Exercise details: What is needed is an exact copy of the lines in the listing below, from the one with "Manhattan View through" up to and including the one with "Lake Kalamalka With", with no other lines.

Given data:
--

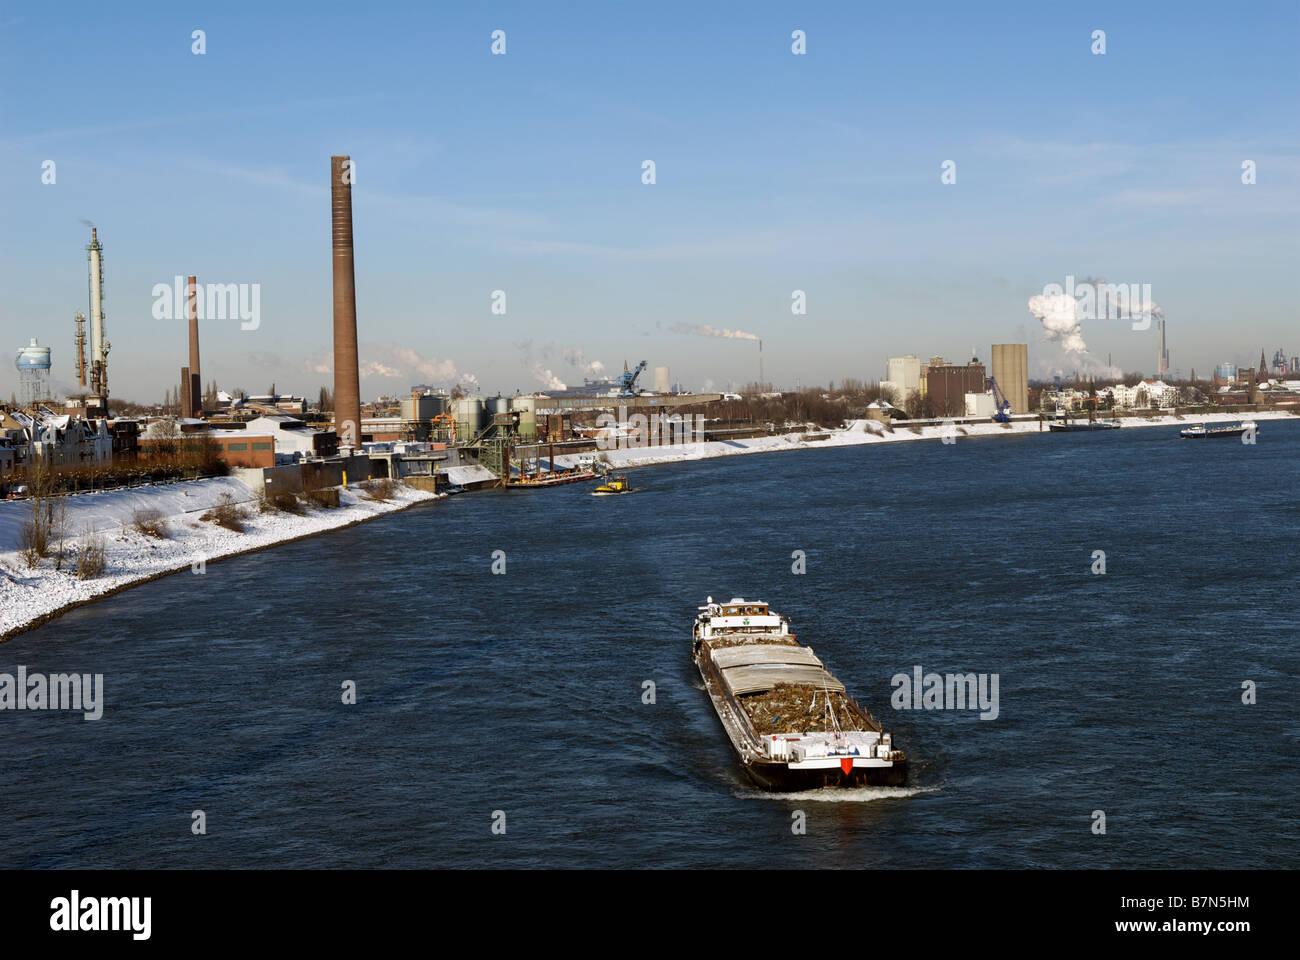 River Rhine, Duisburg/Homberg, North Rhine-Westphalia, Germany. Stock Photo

--

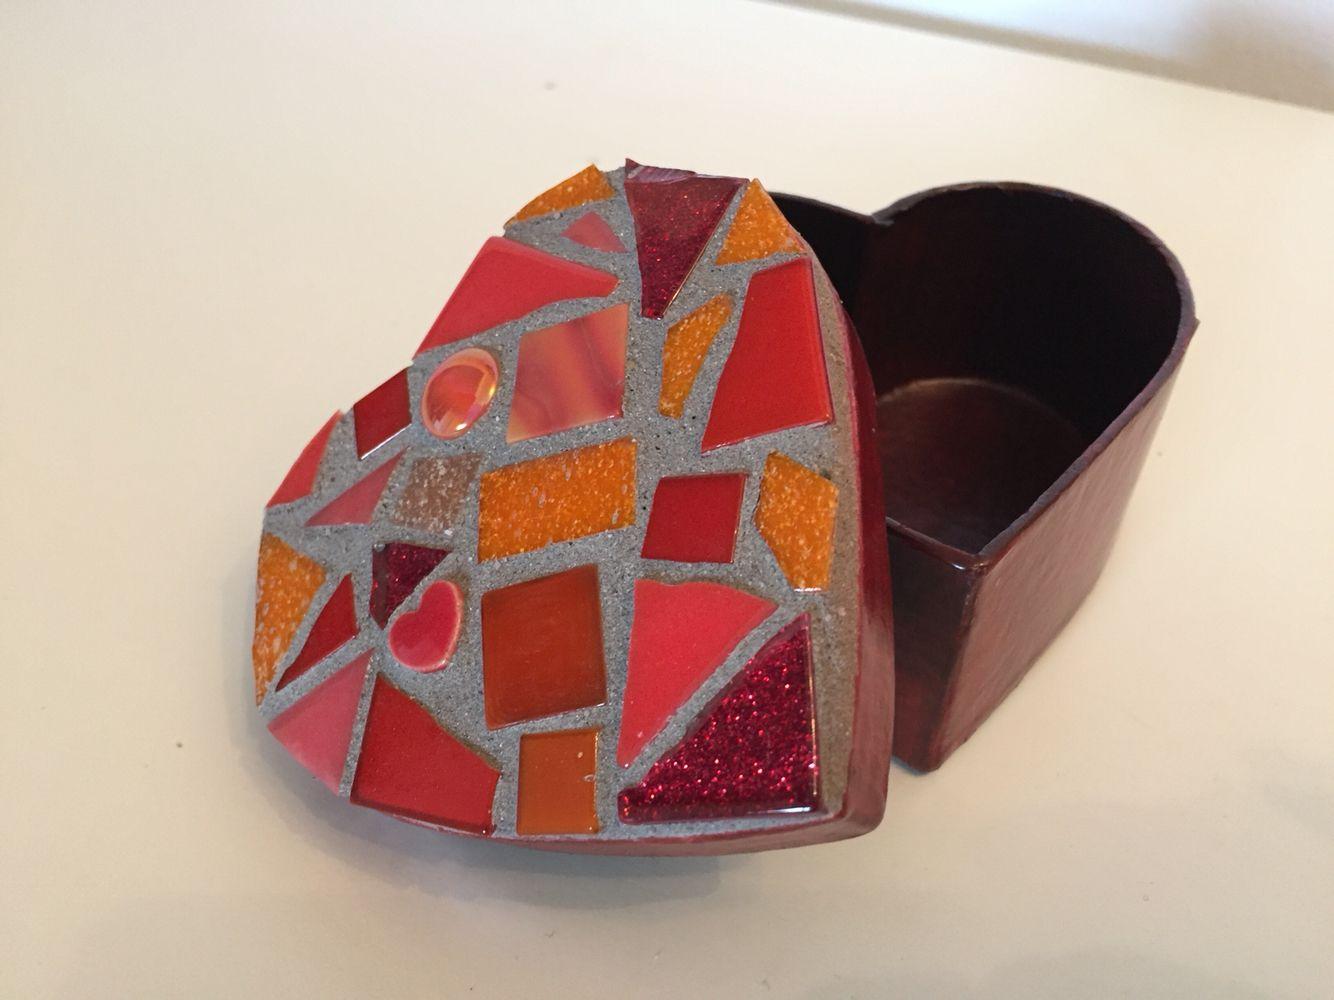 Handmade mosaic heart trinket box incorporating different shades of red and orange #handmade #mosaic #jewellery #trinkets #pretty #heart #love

--

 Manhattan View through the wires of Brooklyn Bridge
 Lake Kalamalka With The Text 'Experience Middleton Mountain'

--

Task answer:
 Manhattan View through the wires of Brooklyn Bridge
 Lake Kalamalka With The Text 'Experience Middleton Mountain'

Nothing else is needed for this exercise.